- Opening Delimiter -

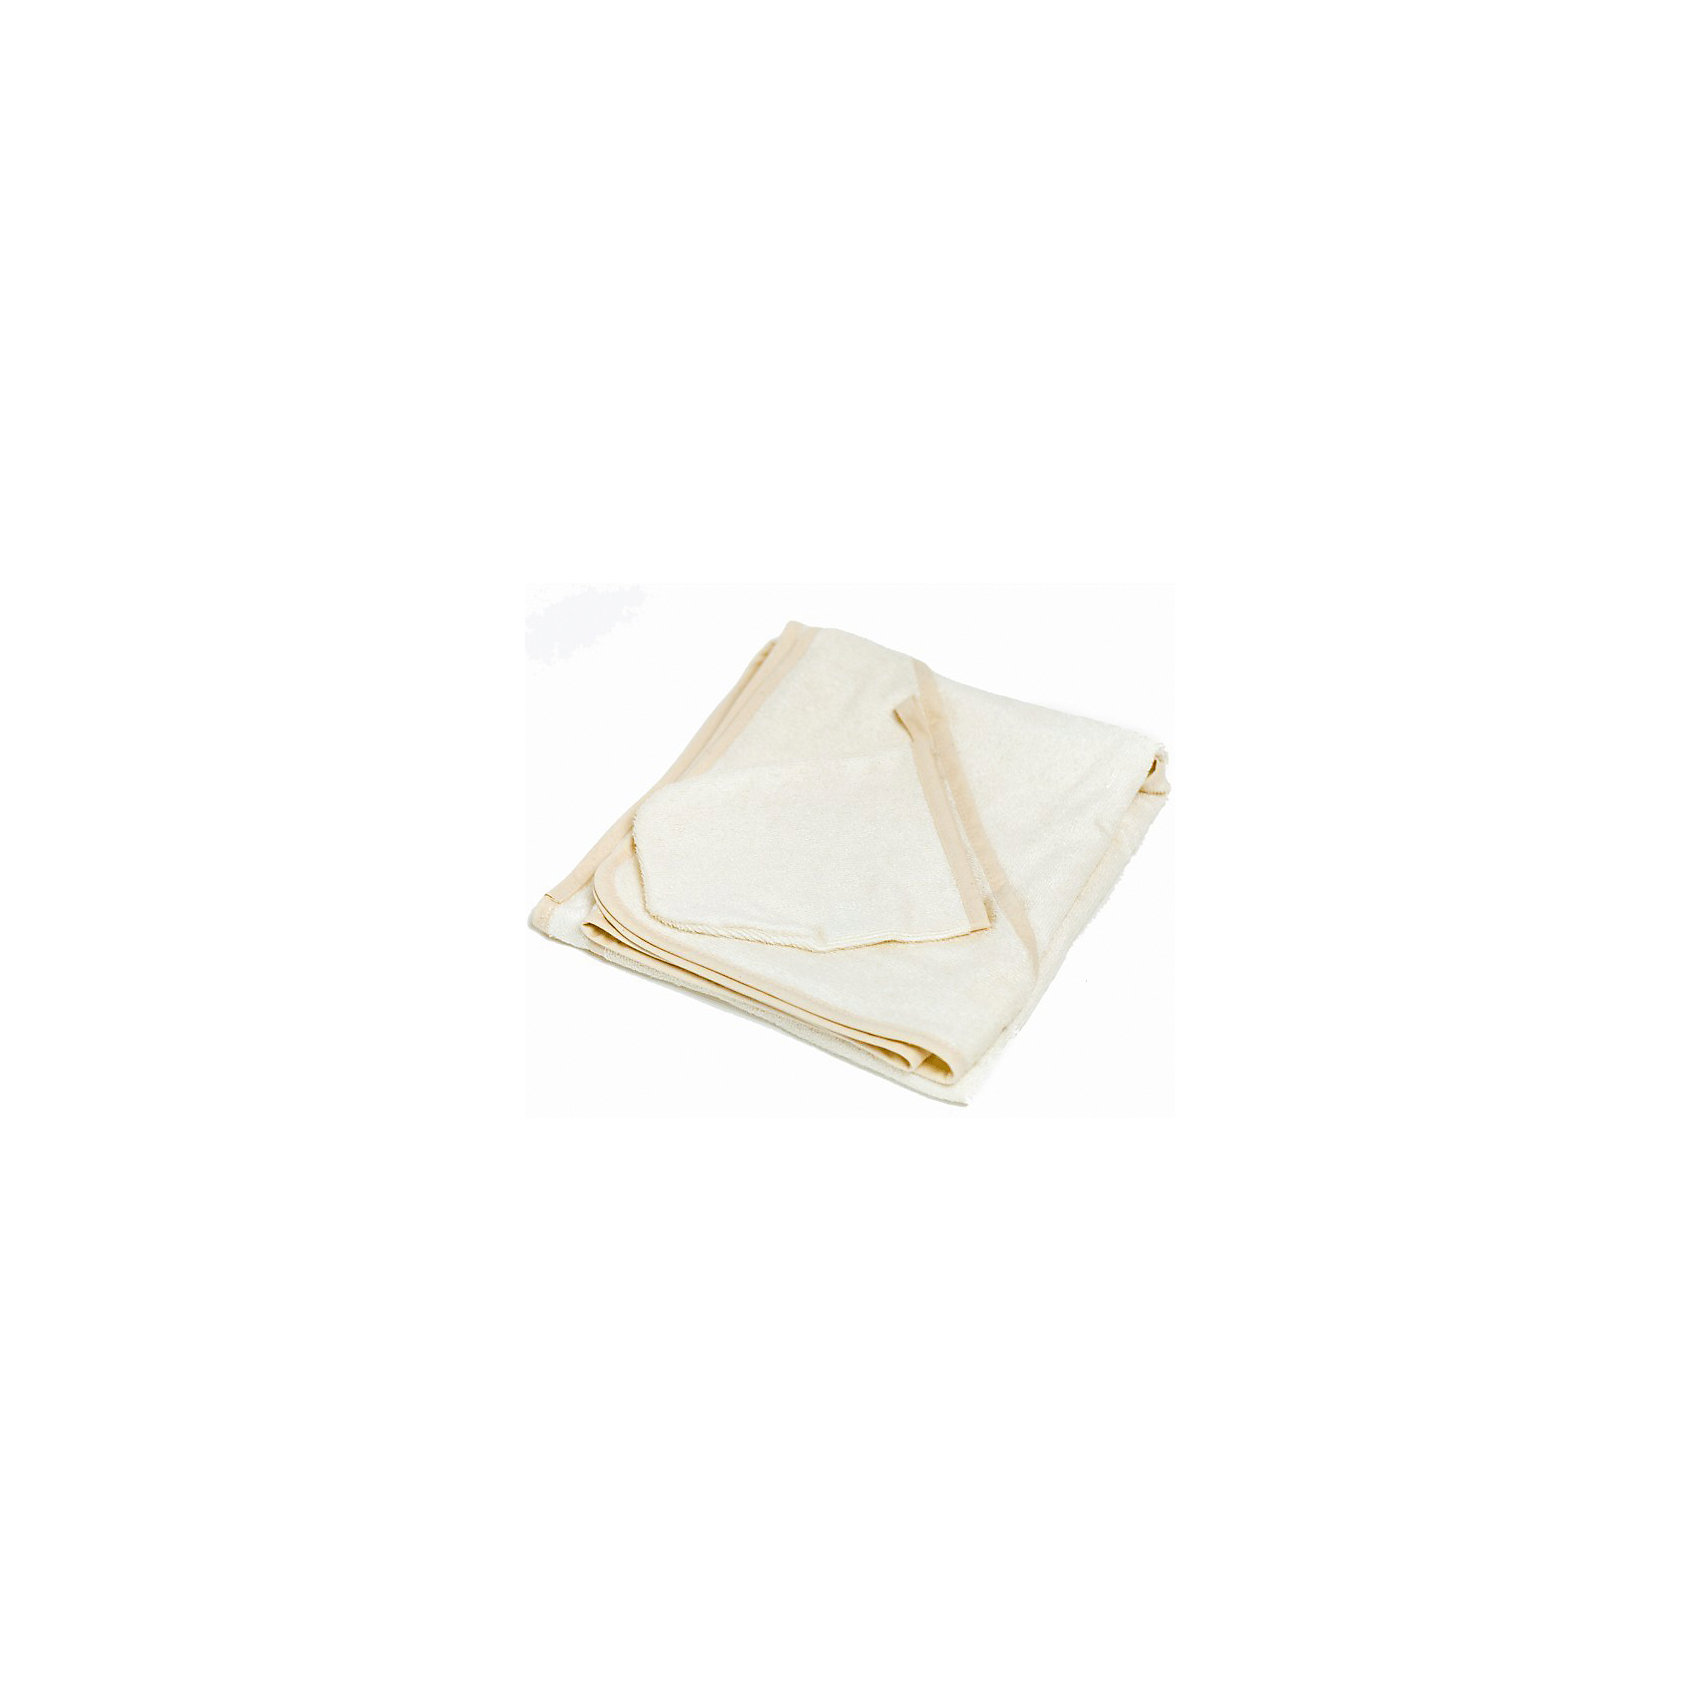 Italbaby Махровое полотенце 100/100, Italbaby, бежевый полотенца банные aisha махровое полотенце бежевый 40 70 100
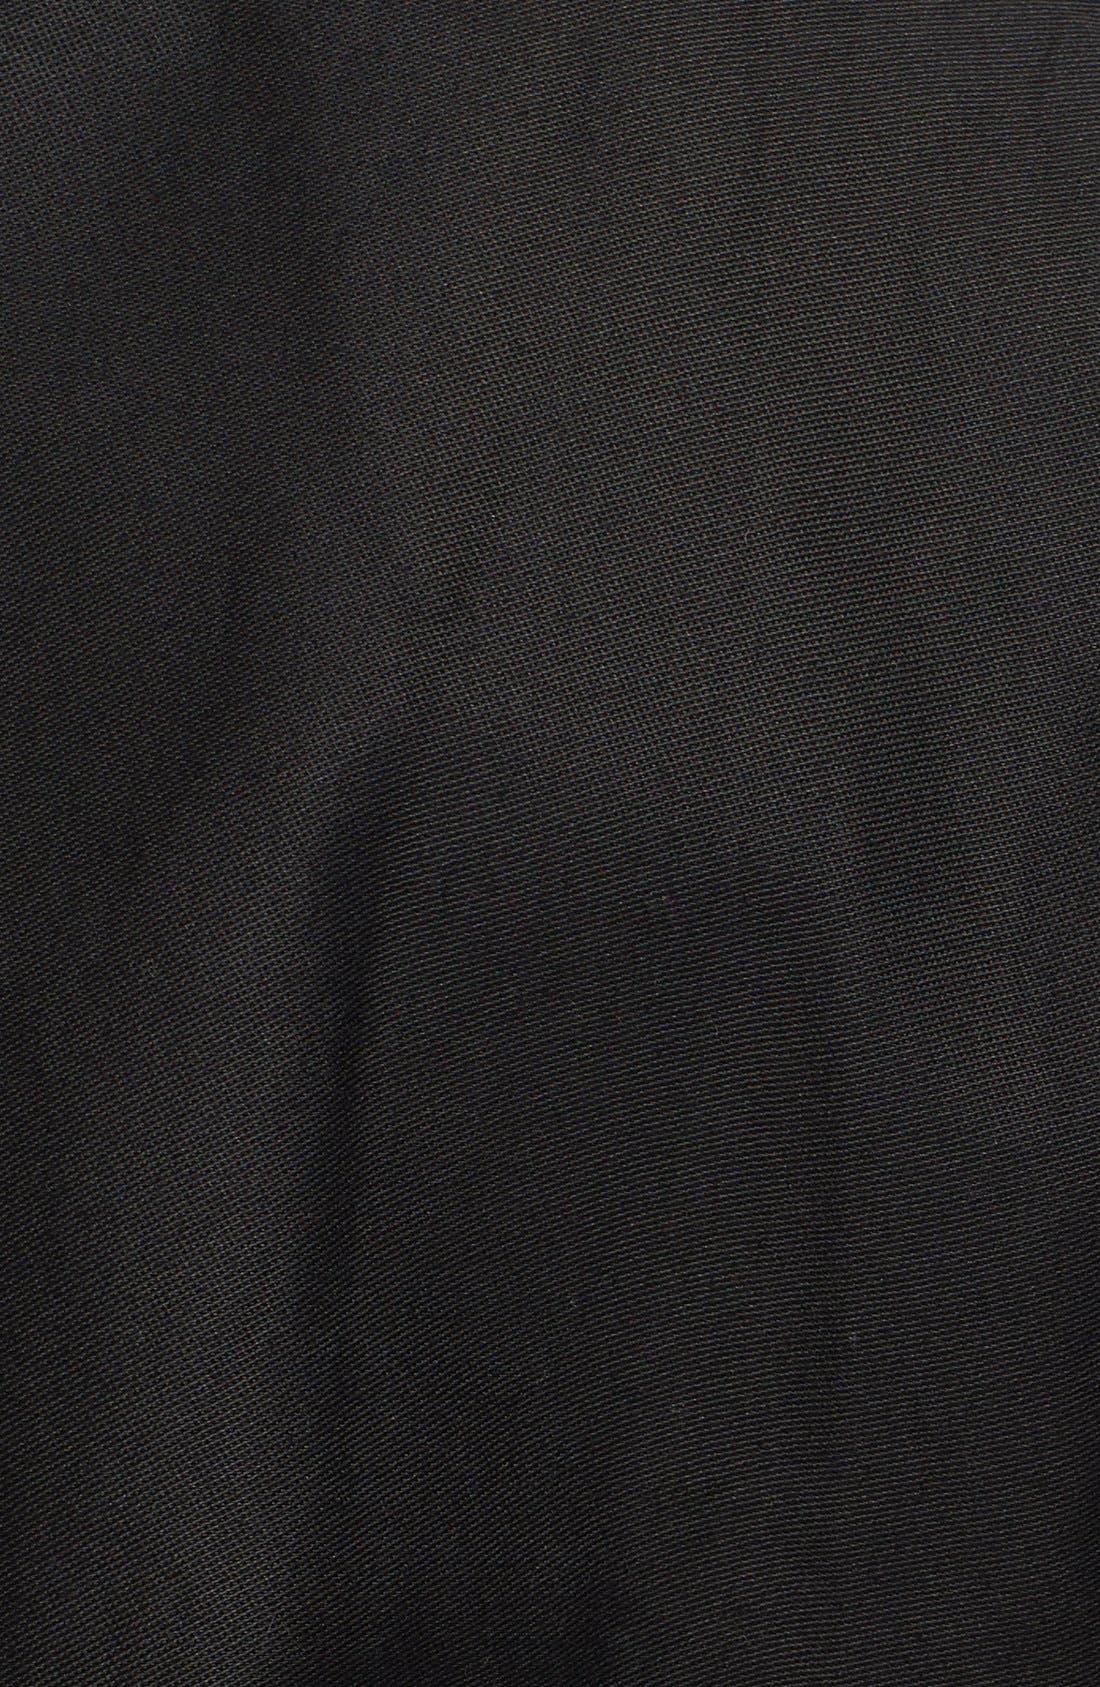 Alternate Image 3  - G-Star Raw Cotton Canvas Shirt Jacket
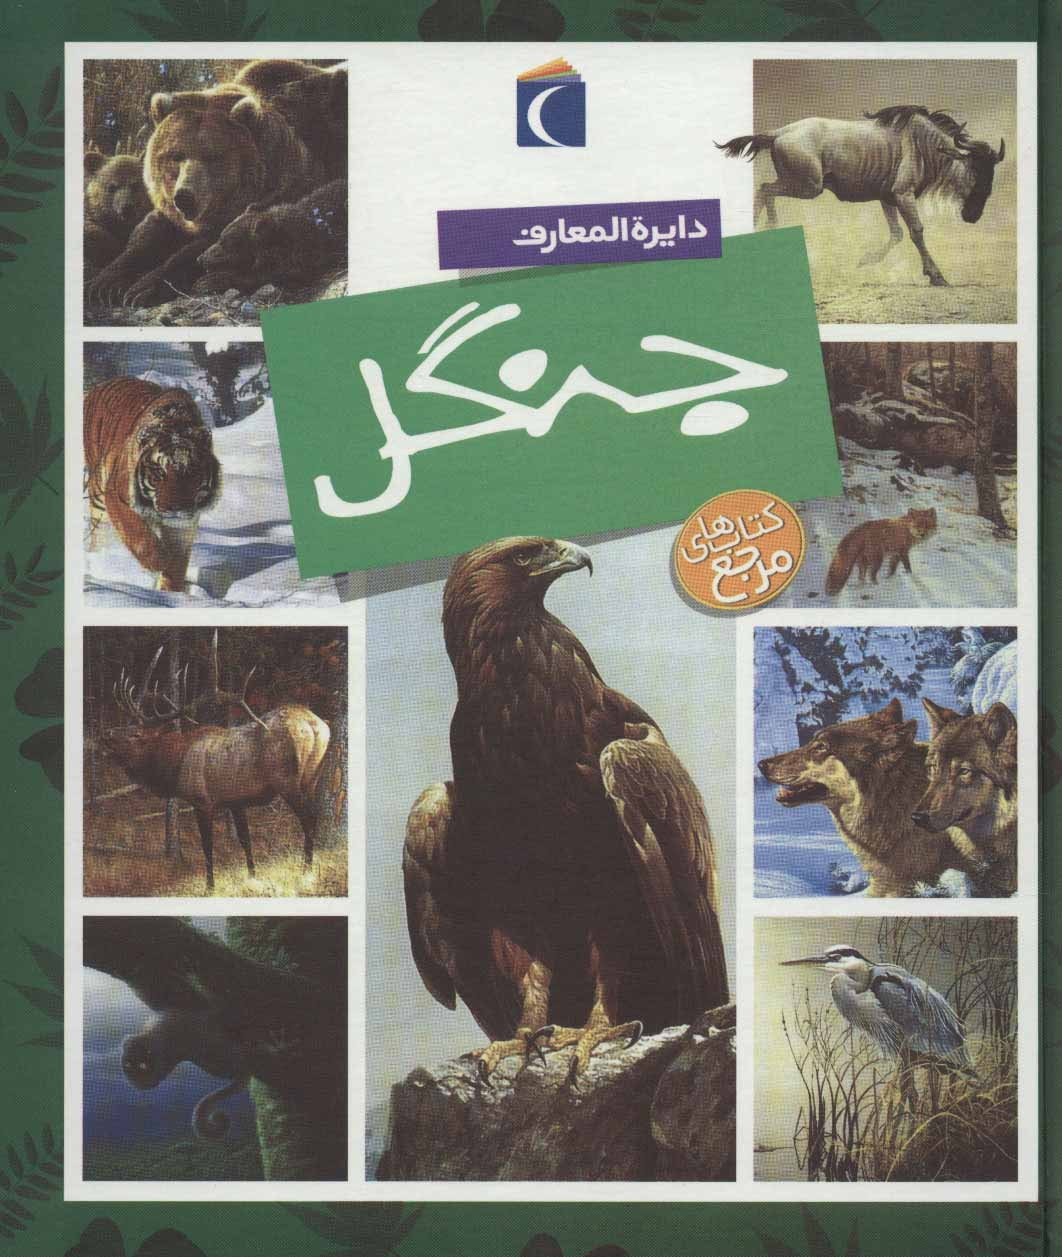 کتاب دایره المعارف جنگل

- Closing Delimiter -

▸ **WHAT THIS TASK INVOLVES**
Write out the listing above again, exactly, but with no pictures in the copy.

▸ **EXERCISE ANSWER**
 Italbaby Махровое полотенце 100/100, Italbaby, бежевый полотенца банные aisha махровое полотенце бежевый 40 70 100
 Alternate Image 3  - G-Star Raw Cotton Canvas Shirt Jacket
 کتاب دایره المعارف جنگل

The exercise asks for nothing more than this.